Michael Eden discussed combining digital design with manual production. Michael makes amazingly complex ceramic vases.
What kind of a CAD-conference can nowadays take place without demonstrating the work of a 3D-printer? Rhino UK User Meeting also did not avoid it. Graham Bennett from CRDM, that sells HP Designjet 3D printers in the UK, elaborated on the principles upon which this printer works, and detailed the costs associated with the printer and expendable materials to it. Anyone could witness the magic of 3D printing. HP Designjet printer is nothing else but Stratasys uPrint. Here the idea of badge-engineering worked perfectly: buyers feel confident about the HP brand. In 18 months 220 printers of this model were sold in the UK.
The Meeting ended up with a presentation of new developments in Rhino 5 by Phil Cook, of Simply Rhino. He showed how Shell – a new command works, and demonstrated improvements in the Sweep command. According to Phil, typically the Project command produces very complex curves on the surface – with considerable number of control points. Now it has an option enabling to simplify the projection. A virtual manipulator Gumball is an important new feature in Rhino 5. By clicking twice on one of its arrows, users can enter a particular value, for which an object must be shifted along a relevant axis. In conclusion, Phil Cook demonstrated new visualization tools.
Closing the Meeting, Paul Cowell thanked all presenters for coming up to London and told us about the www.rhino3d.co.uk website, where it is already possible to find several educational videos demonstrating new functions of Rhino 5.
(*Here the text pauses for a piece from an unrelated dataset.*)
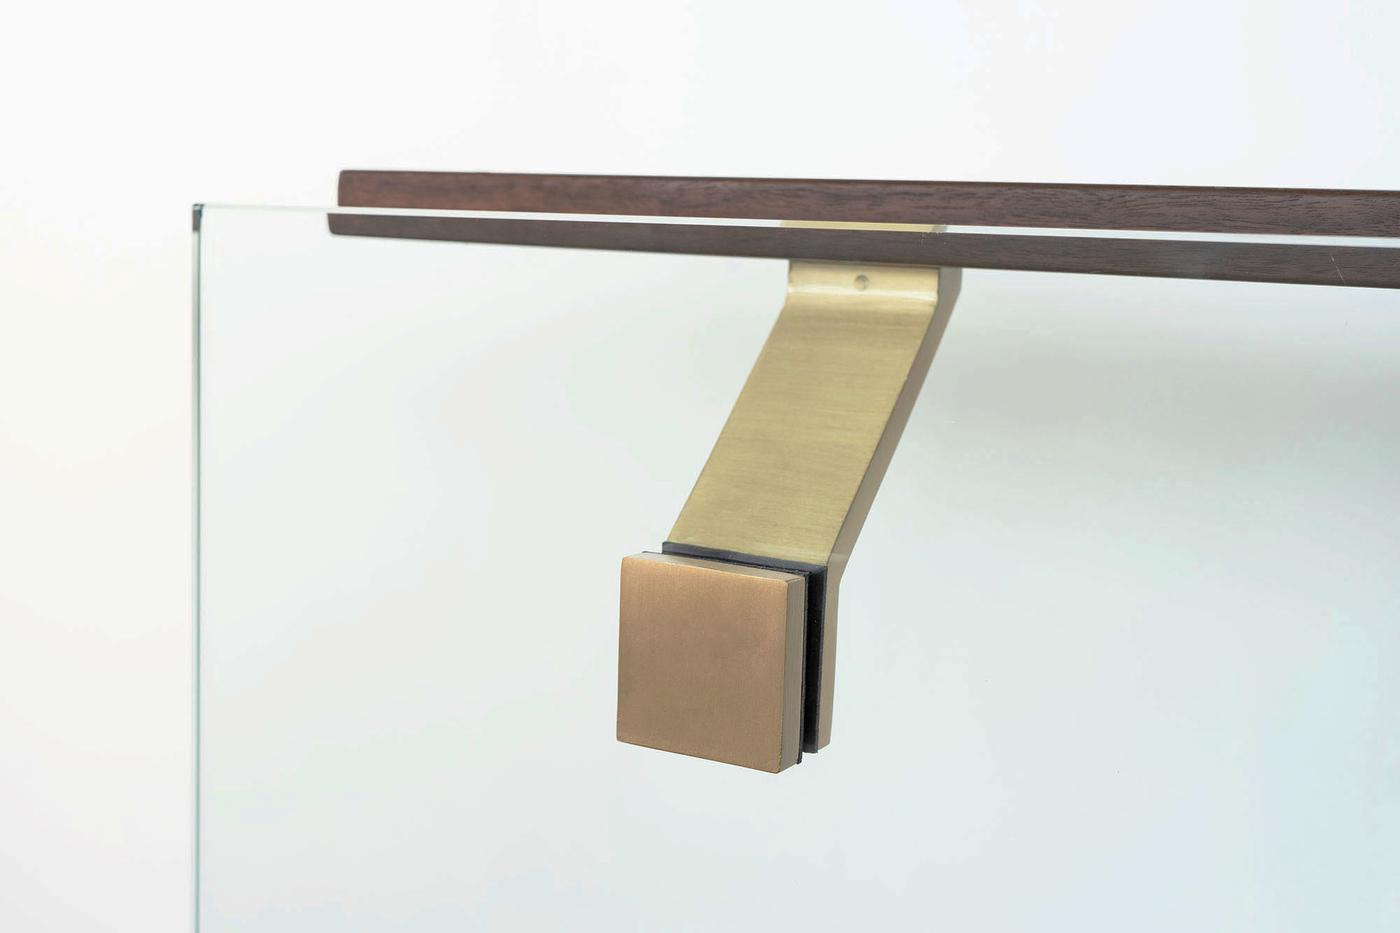 Modern-brass-glass-mounted-handrail-bracket

Leaving the Museum and admiring a magnificent view of the Tower Bridge (the Design Museum is located on an embankment very near to this London sight), I made an effort to sum up my impressions from the Meeting. Clearly, the novelties of the 5th version coupled with the new (or considerably updated) plug-ins - T-Splines, VSR Shape Modeling, RhinoWorks and Scan&Solve, transfer the old good Rhino into a powerful platform, threatening to take the positions of mid- and high-end design systems. For considerably less money users get a fundamentally better functional: advanced techniques for free-form surface modeling, convenient parameterization and automated express-analysis. Users of, for example, SolidWorks can’t even dream about this. Does it mean that Rhino 3D has a chance to become the most popular 3D design system? It’s rather difficult to say: after all, the sizes of the companies are not comparable (RMA staff is a two-digit number, and RMA is not backed up by a multi-billion corporation). Besides, plug-in developers are disengaged, often duplicate the functional, and what is the most important, they have their own vision of the market niches for Rhino, each developer pursuing an independent marketing policy. Until Seattle takes reins, Rhino will remain a platform widely popular in privy and driven mainly by the enthusiasm of its users and third-party developers. Still, it is common knowledge that all rhino species have poor eyesight. But has this minor fault even been a problem for any of them?